**What the task requires**.
The line containing "Cure For Gangrene", and every line after it to the end of the listing, should be repeated exactly; the pictures should not.

── Given data

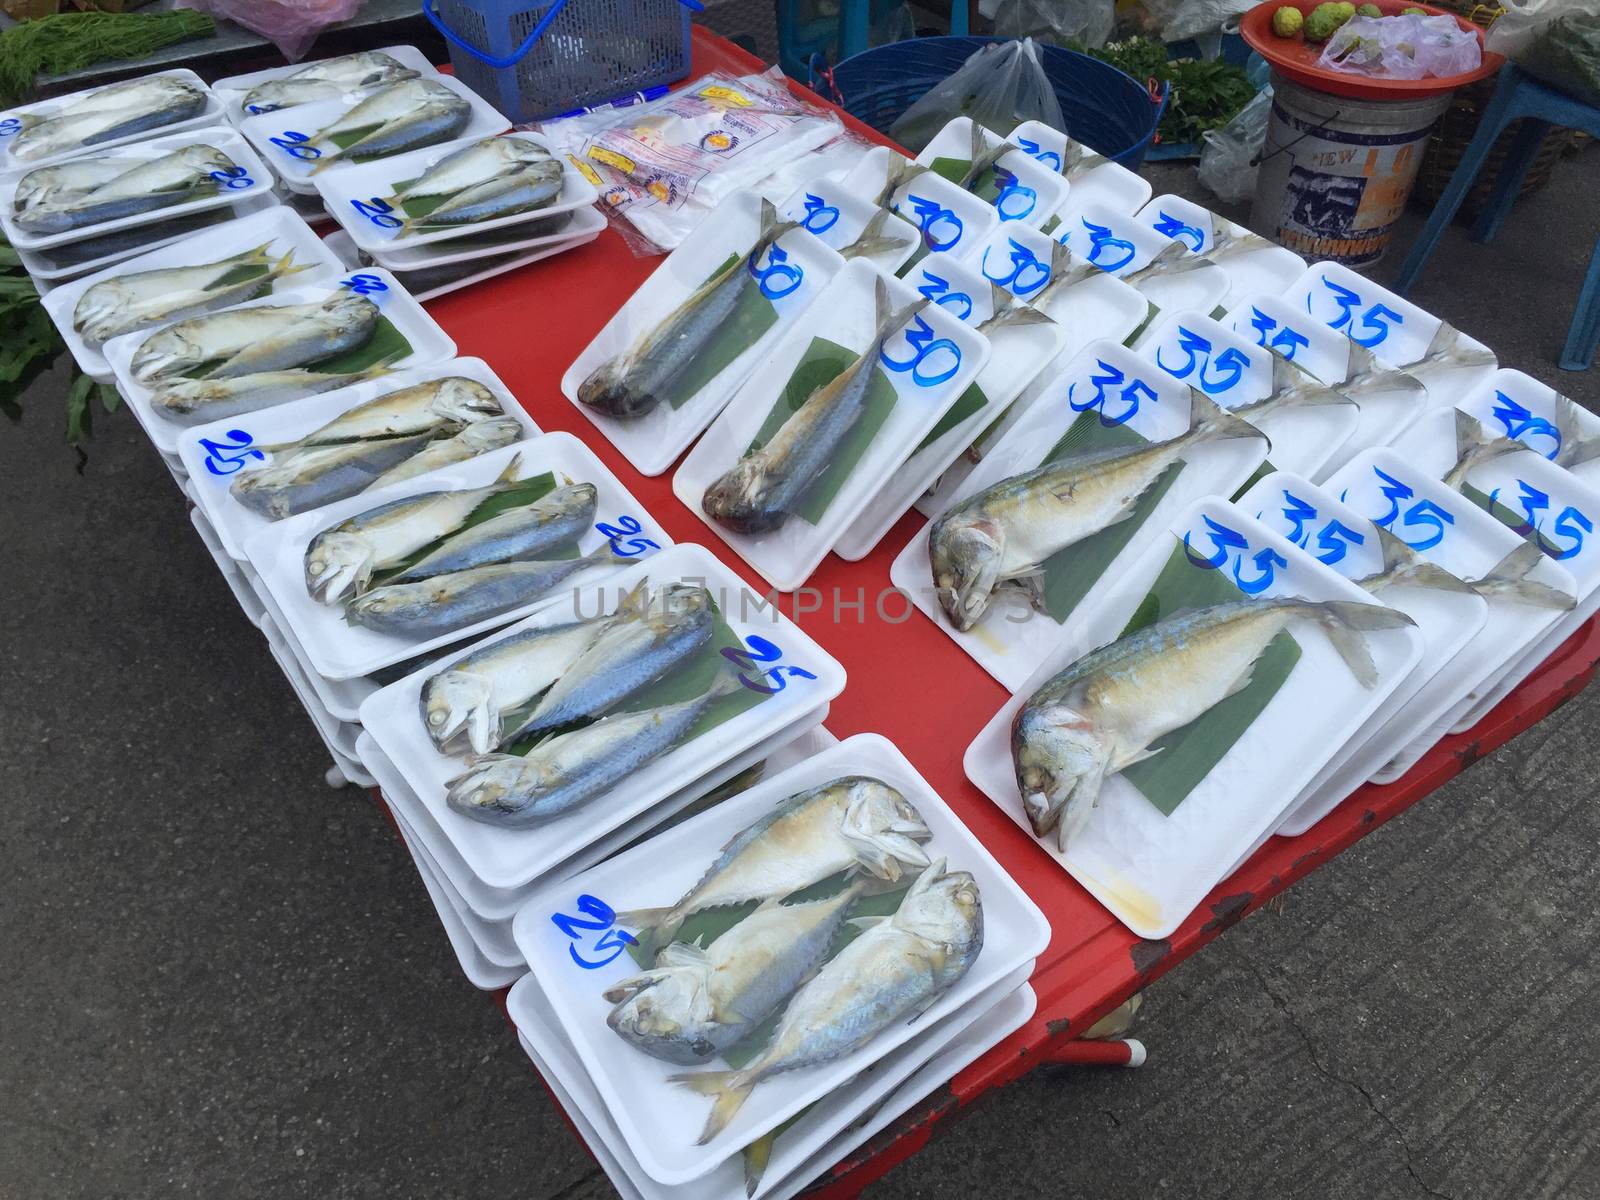 CHIANG RAI, THAILAND - OCTOBER 11 : Steamed thai mackerel fish (pla tu) for sale in plastic wrapped in Thai market on October 11, 2016 in Chiang rai, Thailand. 
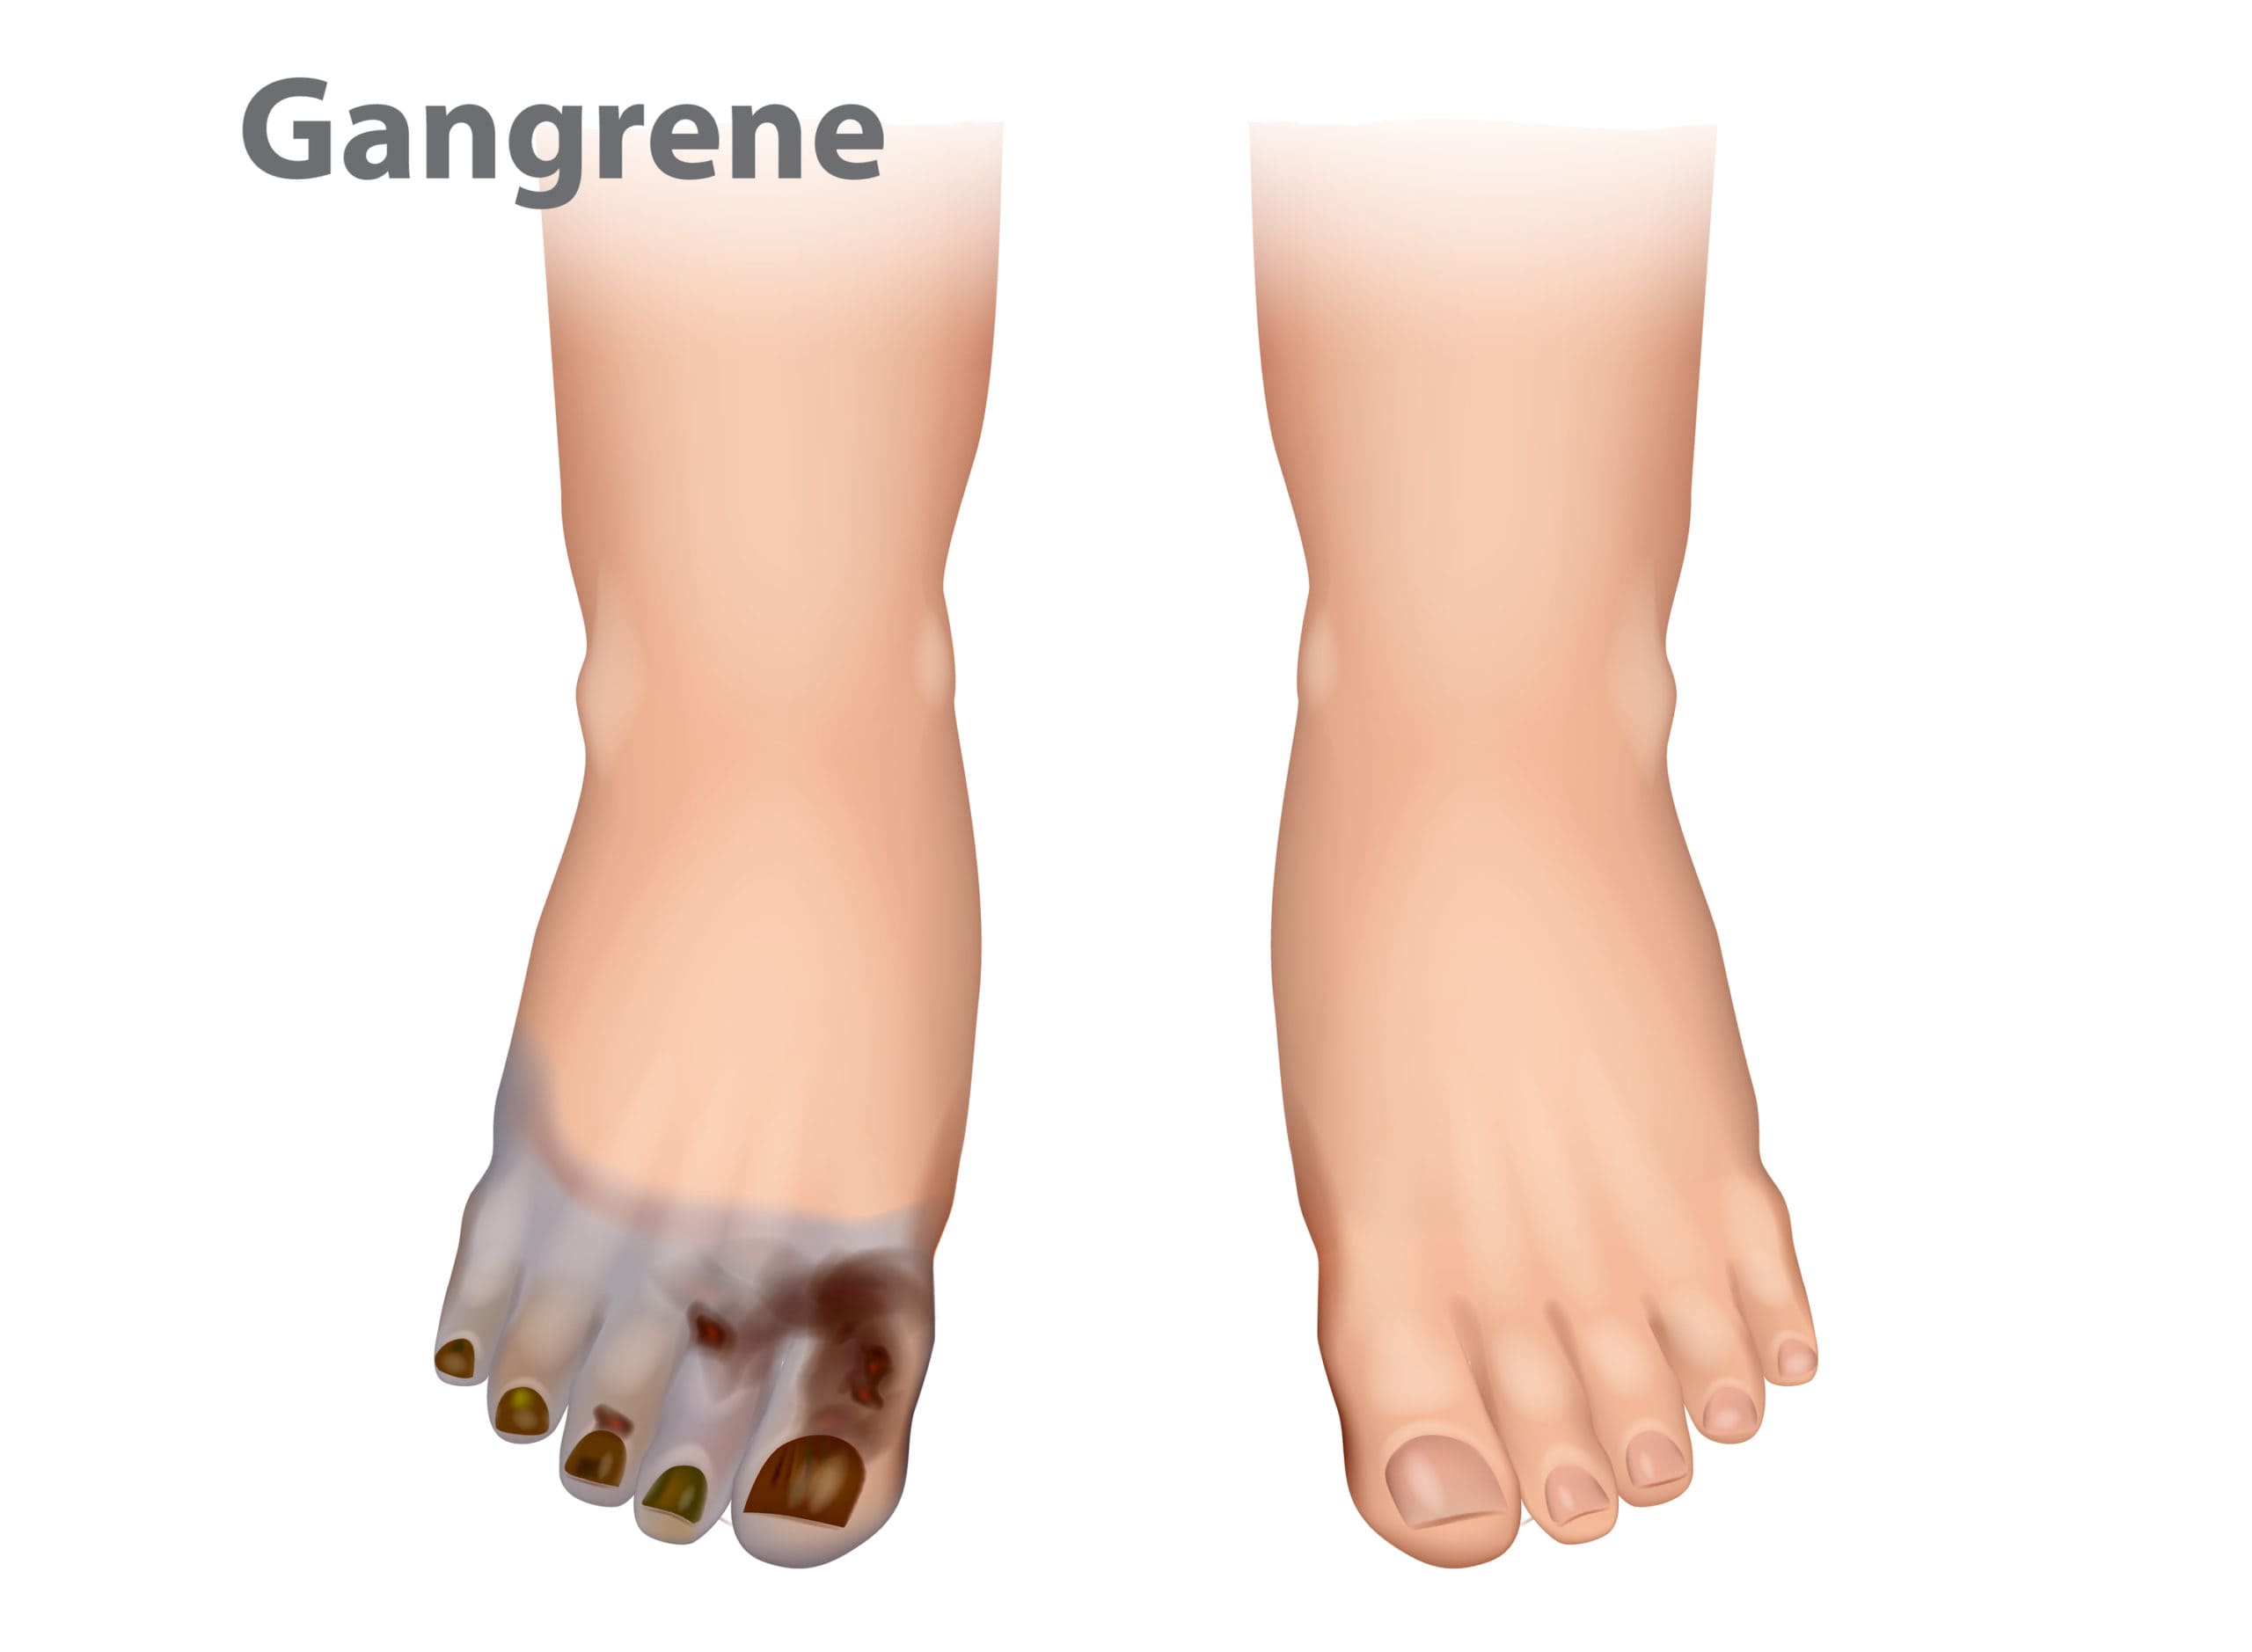 Cure For Gangrene - How To Improve Your Chances For Recovery
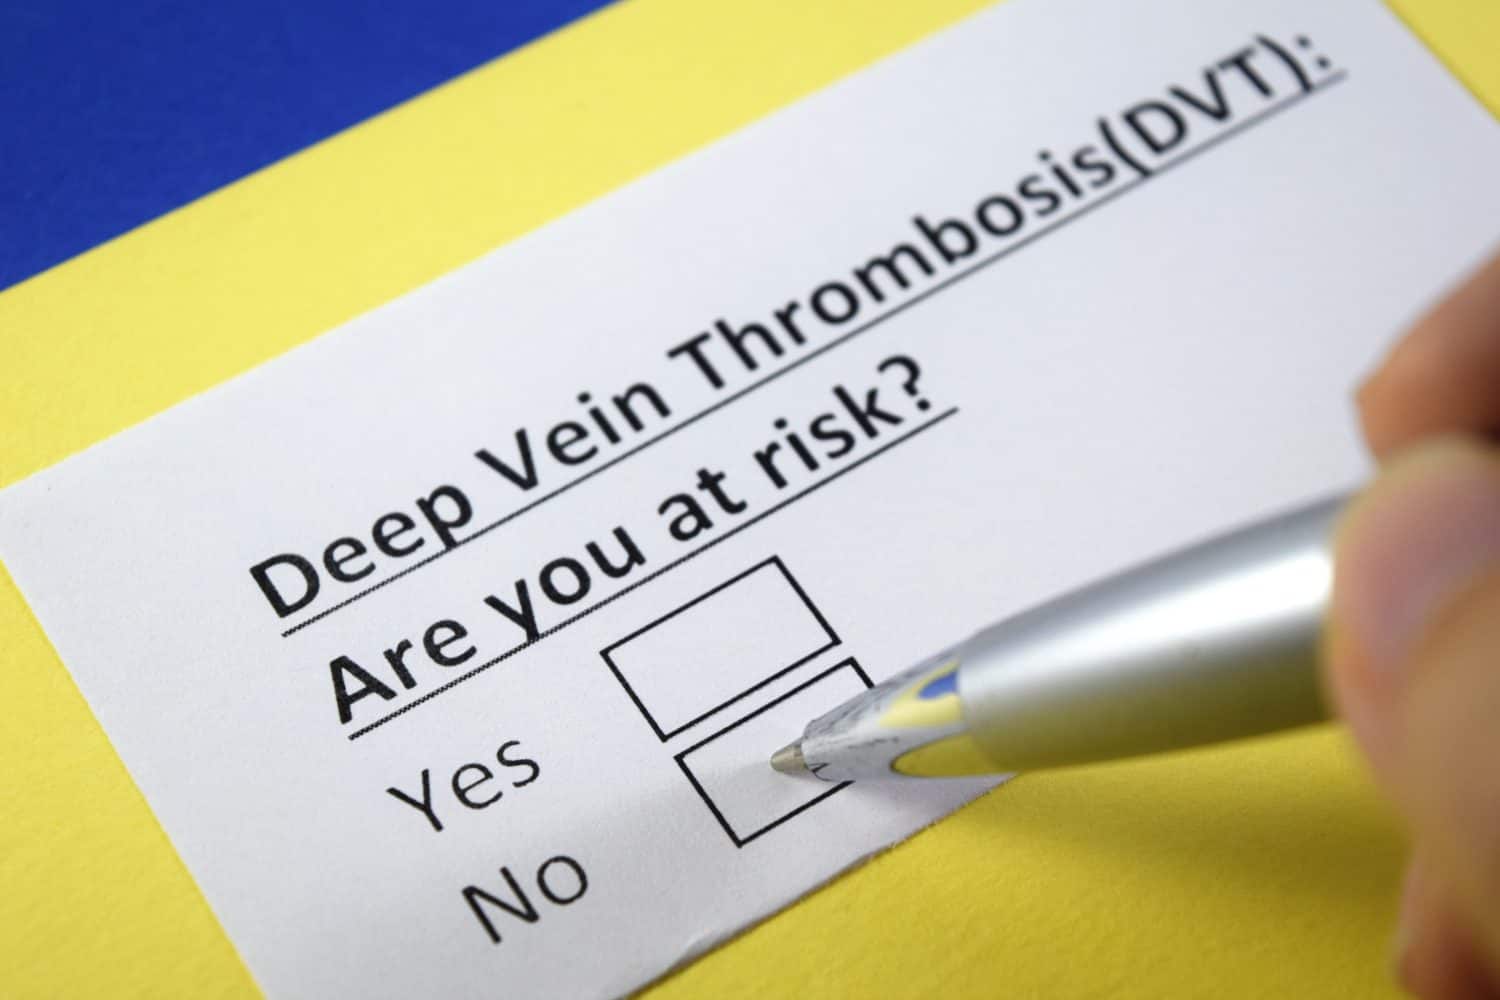 Deep vein thrombosis: Are you at risk? Yes

────

**Answer space**.
 Cure For Gangrene - How To Improve Your Chances For Recovery
 Deep vein thrombosis: Are you at risk? Yes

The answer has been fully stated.